Albano Cordeiro, Mars 2013
Préambule
Que la démocratie (représentative) puisse rendre un pays ingouvernable, cela parait un paradoxe. Surtout quand cette contre-performance ne relève pas de tripotages plus ou moins légaux dans l’organisation du scrutin. Le scrutin s’est fait selon les règles (supposées, du moins) démocratiques. L’expression des citoyens s’est faite dans le cadre légal de la loi électorale.
Evidemment, est exclu que la situation italienne se reproduise en France. Mais ce que vient de se passer en Italie peut contribuer à la réflexion sur la dite «révolution citoyenne». Rappelons que cette notion est avancée en France par la gauche radicale, en particulier par des organisations adhérentes au Front de Gauche, rencontrant des consensus dans la mouvance écologiste de gauche et chez les décroissantistes.
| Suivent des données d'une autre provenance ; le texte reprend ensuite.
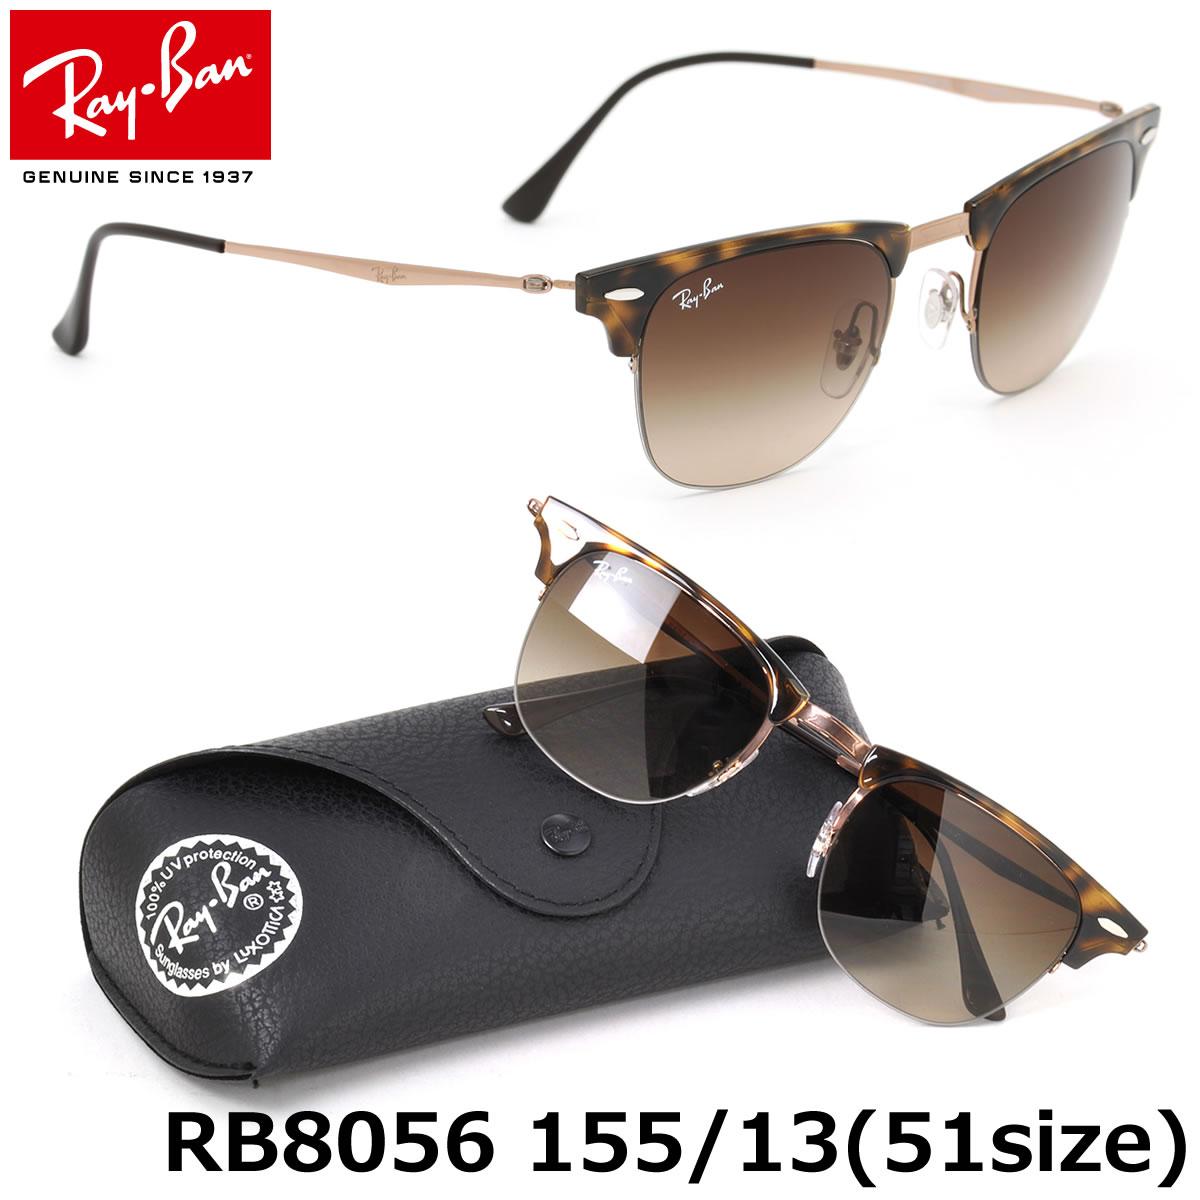 8f5e0f0e115 Ray-Ban Sunglasses RB8056 155 13 51size TECH CLUBMASTER LIGHT RAY GENUINE  NEW rayban ray ban

Pour éclaircir l’enjeu, nous définissons la dite «révolution citoyenne», le passage, par des voies pacifiques, d’un système politico-économique basé sur une structure inégalitaire de la société -où la propre inégalité fournit les moyens pour l’entretenir et l’accroître- vers un système qui deviendrait progressivement de plus en plus égalitaire. Ce passage s’obtiendrait par des mobilisations citoyennes persistantes qui changeraient à terme le rapport de forces entre ceux qui défendent le système en vigueur et ceux qui cherchent à le changer radicalement pour aller vers une société meilleure, par un processus qui pourrait être long .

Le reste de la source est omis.